Tuesday, January 11, 2011

Patience not

After bursting at the seams I have given in and planted things. This might sound ridiculous but they are things which needed planting. Sort of.

First off I have set half of my various chili plant seeds off to germinate as they notoriously need a long season to produce. Initially I was concerned about lack of light but as my plants from last year are still merrily fruiting throughout the darkness we have had I figured i was worth the risk.


The other crops I have started are specifically for that oh so trendy word - mircogreens.

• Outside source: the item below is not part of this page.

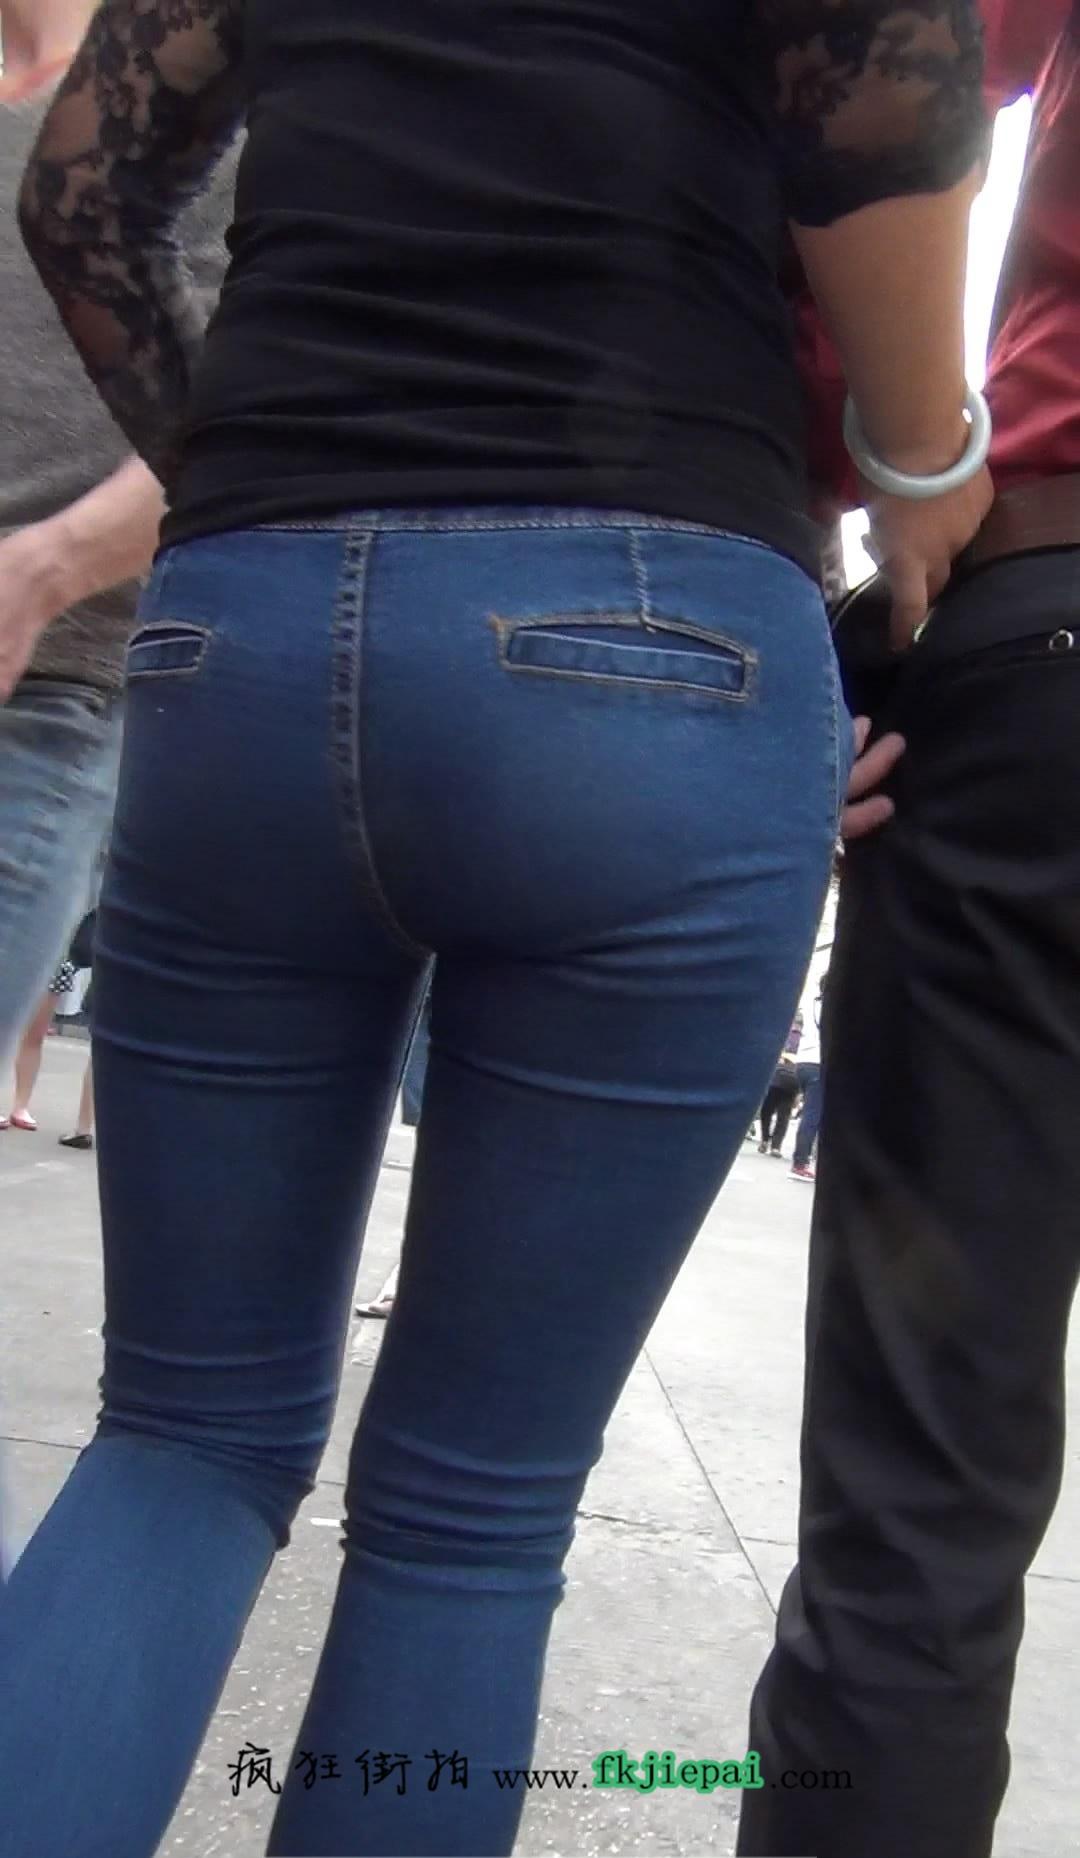 [牛仔裤] 大PP包臀紧牛仔少妇一枚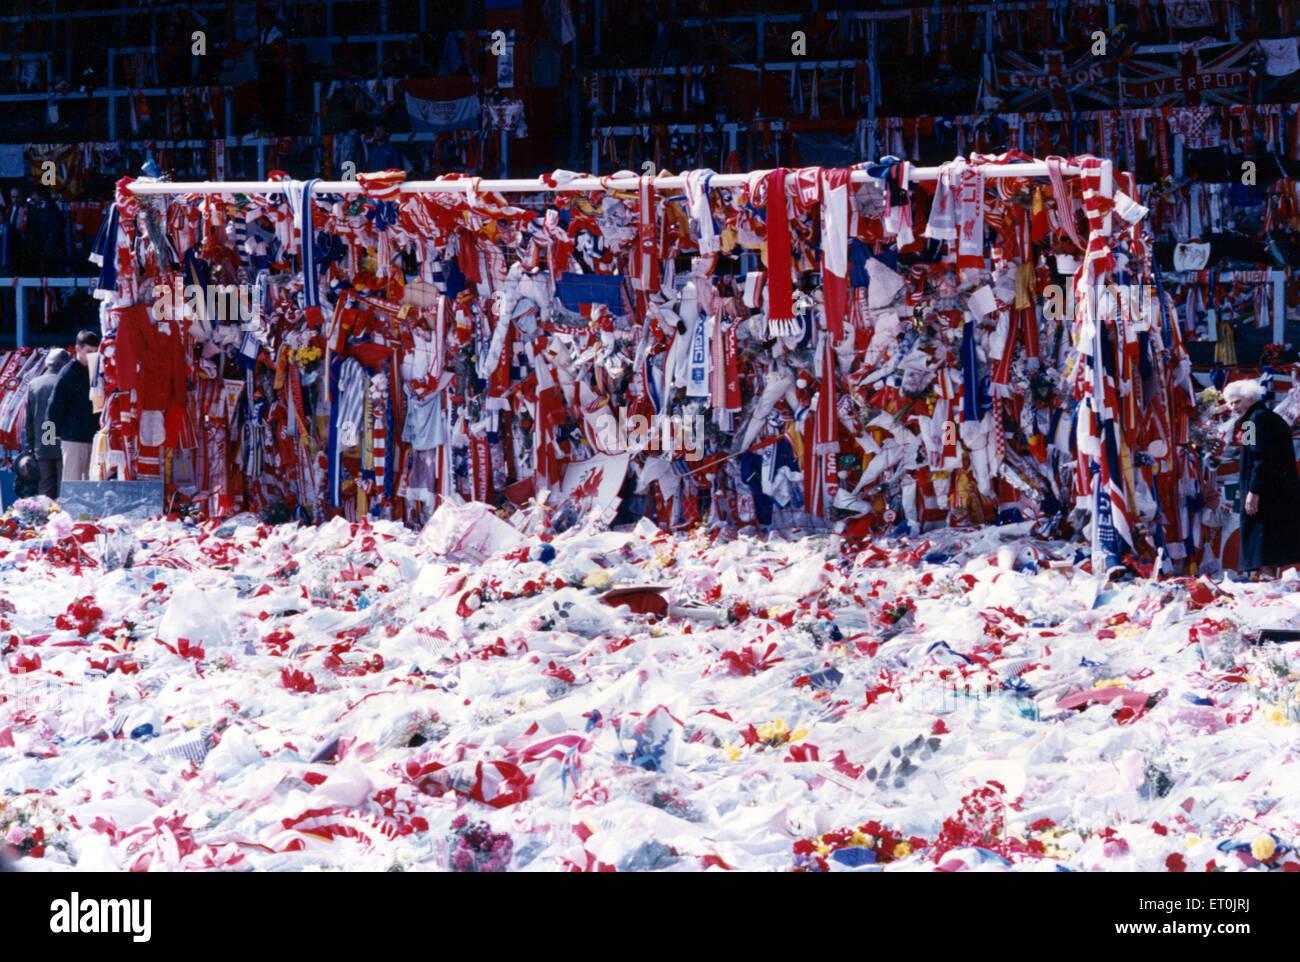 Der Torraum auf dem Spielfeld an der Anfield Road, bedeckt mit Liverpool und Everton Schals und Fahnen als Markierung des Respektes für die vielen Liverpool-Fans, die ihr Leben in Hillsborough nur wenige Tage vor. 18. April 1989. Stockfoto

As specified on foodista.com

About Micro Greens
The smallest possible leaves of salad greens, herbs, edible flowers, and leafy vegetables.Common microgreens are micro arugula, celery, beet greens, daikon, radicchio and cress. They are the teeny, tender, first young leaves picked only weeks or a month after the seeds have been planted. Microgreens often have very strong, concentrated flavors. Chefs love using microgreens because the vibrant rainbow leaves that can add a boost of color to a dish or the concentrated flavors the leaves can provide to intensify a dish.

Physical Description
Microgreens are tender lettuce and mustard greens that are chopped off young, usually when they are only an inch or so high at the most and barely a few weeks old. They’re smaller and younger than baby greens, which tend to be harvested later when the plants have grown a good three inches tall or more.

My craving for bringing things to life like an obsessed Frankenstein has been sated within 48hours as 7 of the 9 types of veg appeared that quickly. I cannot wait to report back on the taste.